Lediglich noch 13 Parlamentssitze wird künftig die stärkste Linkskraft haben, die Sozialdemokraten (LSDP). In früheren Jahren die mit Abstand stärkste Kraft im litauischen Parteiensystem, durchlebt die Partei seit 2016 eine tiefere strukturelle Krise. Insbesondere der Wählerzuspruch in der Provinz ist weitgehend zusammengebrochen, eine Tendenz, die auch in diesem Jahr nicht aufgehalten werden konnte. Zudem gibt es Abspaltungen, überhaupt Versuche, Kursänderung vorzunehmen, was nun wieder zusätzlich Unsicherheit schafft. Über Direktmandate in den Wahlkreisen kommt der bisherige kleine Regierungspartner, die Sozialdemokratische Arbeiterpartei (LSDDP), wenigstens noch auf drei Abgeordnetensitze, wiewohl die Fünf-Prozent-Hürde verfehlt wurde. Auf drei solcher direktgewählten Abgeordnetensitze kommt auch die Wahlaktion der polnischen Minderheit in Litauen, die sich in strikt konservativer Ausrichtung als christliche Familienallianz versteht, die aber unter der obligatorischen Prozenthürde blieb. Als ausgesprochene Protestpartei ging die Arbeiterpartei (DP) von Viktor Uspaskich, dem ehemaligen Wirtschaftsminister und erfolgreichen Geschäftsmann, ins Rennen, die 10 Parlamentssitze erreichte und die sich trotz nicht zu übersehender wirtschaftsliberaler Ausrichtung als «labouristisch» auszugeben sucht.    
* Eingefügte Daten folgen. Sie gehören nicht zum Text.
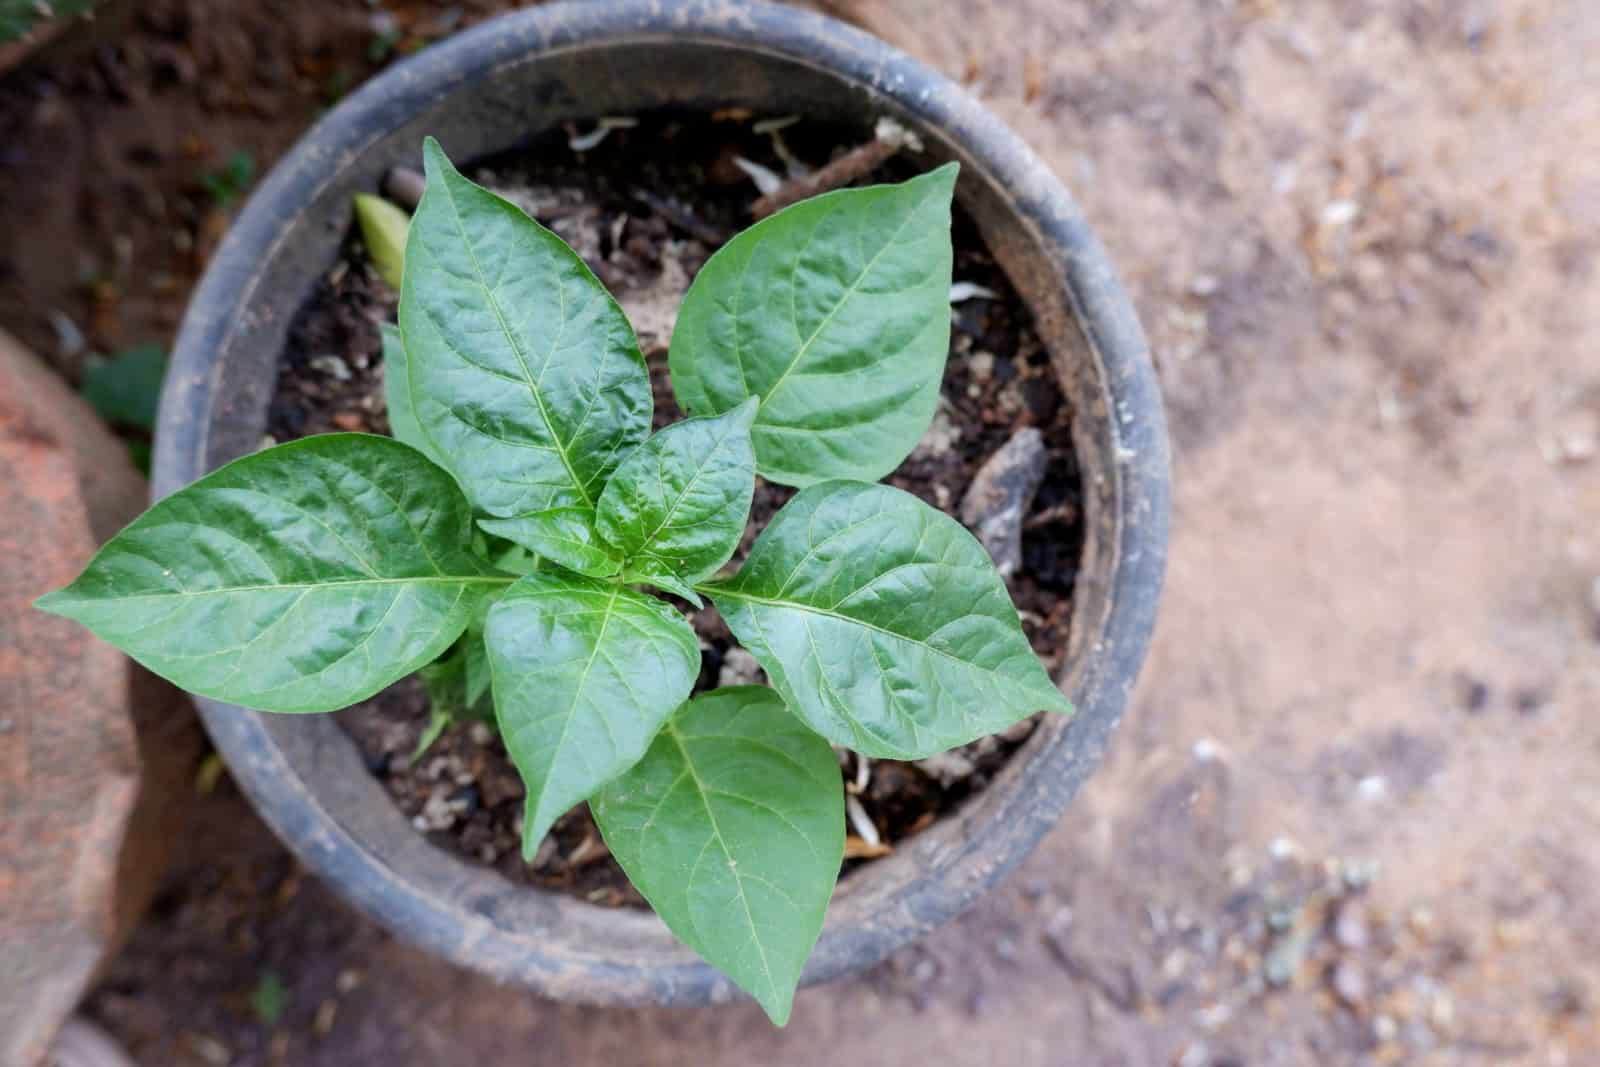 A young tropical chili peppers plant growing in a black pot in outdoor
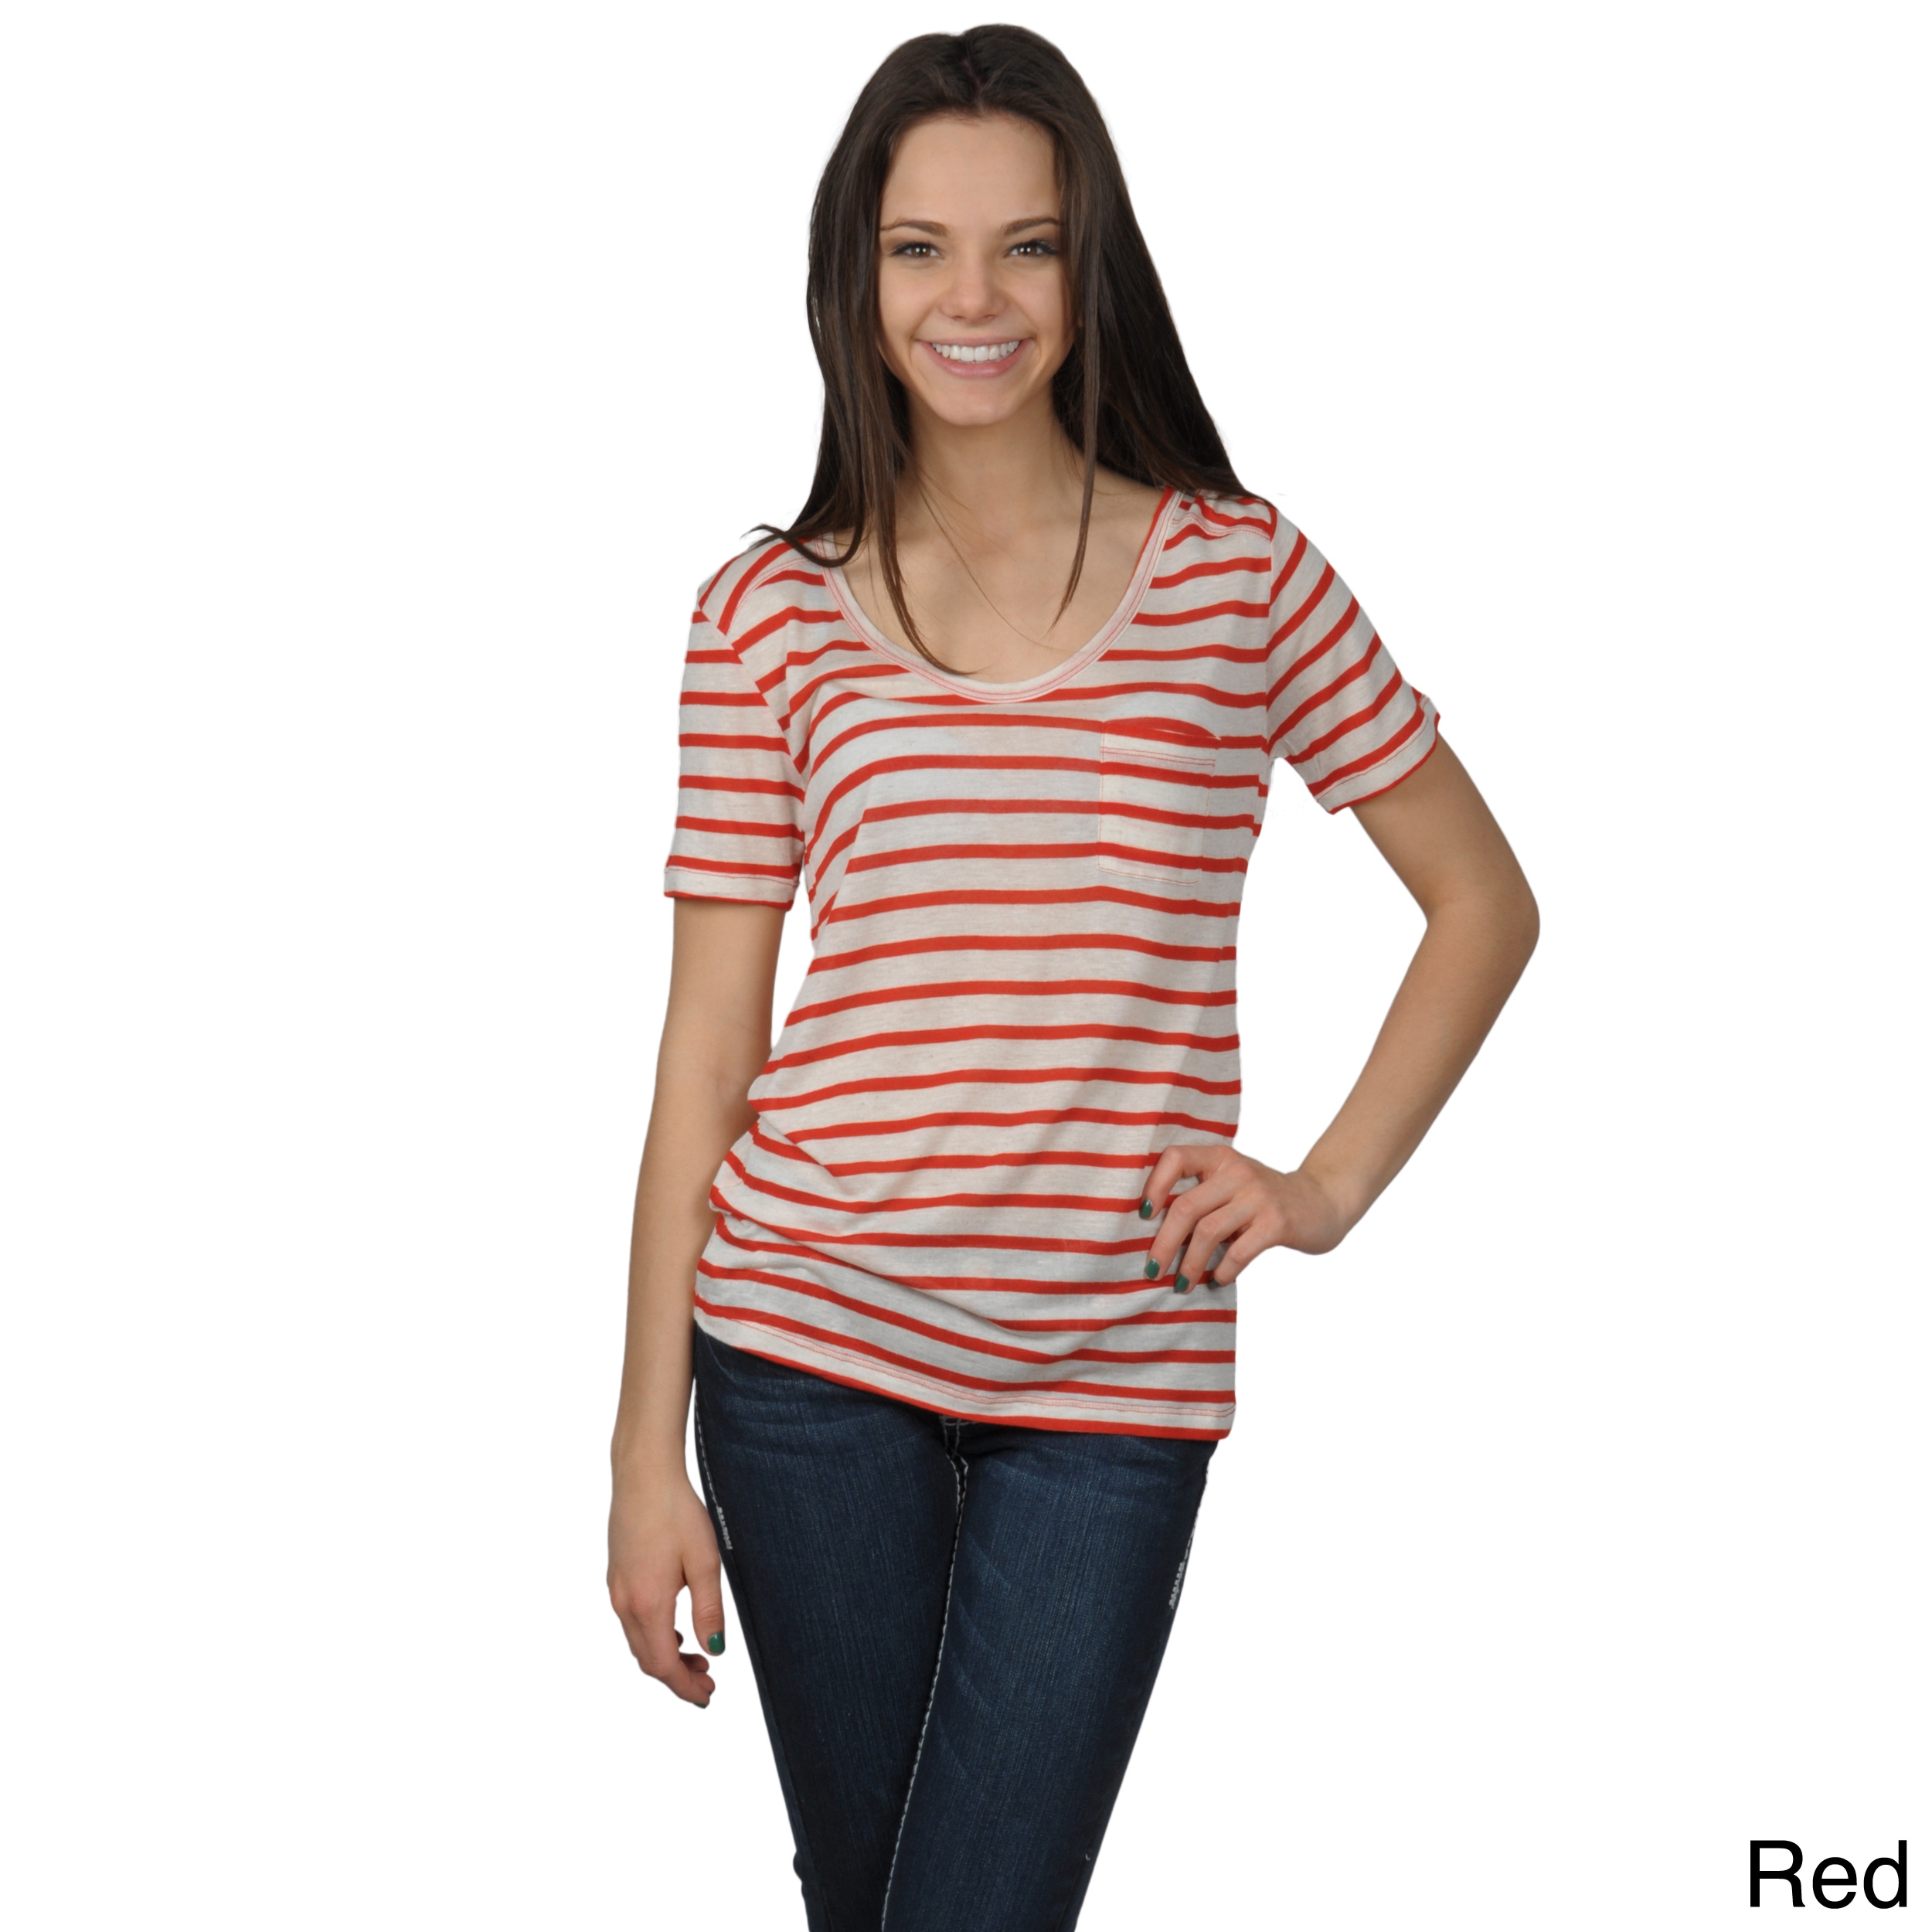 Journee Collection Journee Collection Juniors Striped Scoop Neck Tee Red Size S (1  3)

Die Wahlbeteiligung lag enttäuschend bei unter 50 Prozent, was einerseits auf die anhaltende Corona-Pandemie zurückzuführen ist, aber insgesamt auch ein Ausdruck sein dürfte für das nicht immer einfache Verhältnis zwischen breiter Bevölkerung und ihrer politischen Repräsentanz.